Reputation: 33273
I have been trying for a long time to solve this. But am unable to think of a clean data structure to do the following.
I have a csv file as follows:
user_id --->
item_id ratings
|
|
|
V
So for example:
1,2,3,4,..
a,4, ,2, ,...
b, ,2,3, ,..
c, ,1,2,3,
d
and so on... The blank value means that user hasn't rated a given item. Now, for a given user (say 1), I have this dictionary:
weight_vector = {2:0.3422,3:0.222}
The computation I want to do is following:
For user 1: the values which are missing (item b and c), I want to assign a rating to it as the following:
rating_for_item_for_user_1 = [rating_given_by_user_2* weight_2] + [rating_given_by_user_3*weight_3]/[weight2 + weight3]

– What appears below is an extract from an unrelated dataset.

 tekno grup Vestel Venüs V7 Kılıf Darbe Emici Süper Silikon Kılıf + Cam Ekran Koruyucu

If user 2 or 3 has not rated a given item, then weight = 0.
I have a feeling that with numpy this should be fairly straightforward. But have not been able to think straight.
Upvotes: 0
Views: 234
Reputation: 6181
Another possibility is to use defaultdict from collections. http://docs.python.org/2/library/collections.html#collections.defaultdict
from collections import defaultdict
dict = defaultdict(float)
dict[x]=0
If you want it as matrix so you can access both column wise and rows wise you might want to load id to two different data structures or to load it to one, calculate and then transpose it.
Upvotes: 1
Reputation: 66850
Lets assume that you have a rating
matrix, and a list of weights vectors `weights', then you can simply do (assuming, that these "empty" fields are zeros - this is some border case you have to think of, because you can encounter dividing by 0 either way, when all of the users "neighbours" also did not give any rating to some item):
empty=np.where(ratings==0)
for (x,y) in zip(empty[0],empty[1]):
ratings[x,y] = sum( ratings[n][y] * weights[x][y] for n in weights[x] if ratings[n][y] != 0) / sum( weights[x][w] for w in weights[x] if ratings[w,x] != 0 )

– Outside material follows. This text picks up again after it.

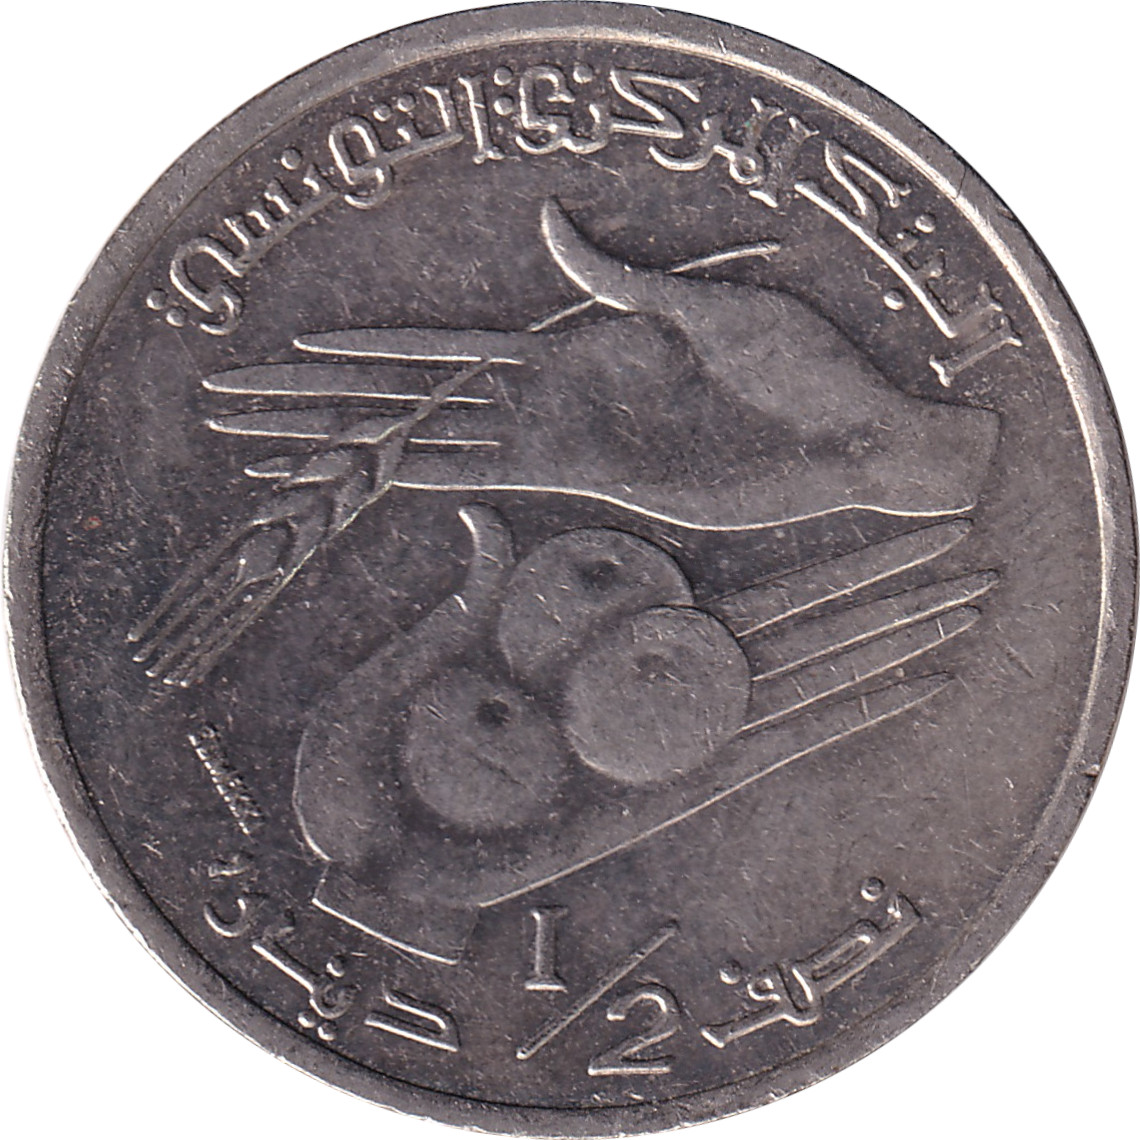 1/2 dinar - FAO - Blason

To prevent division by zero errors you could just check for it before assignment
empty=np.where(ratings==0)
for (x,y) in zip(empty[0],empty[1]):
normalizer = sum( weights[x][w] for w in weights[x] if ratings[w,x] != 0 )
if normalizer > 0:
ratings[x,y] = sum( ratings[n,y] * weights[x][y] for n in weights[x] if ratings[n][y] != 0) / normalizer
Upvotes: 1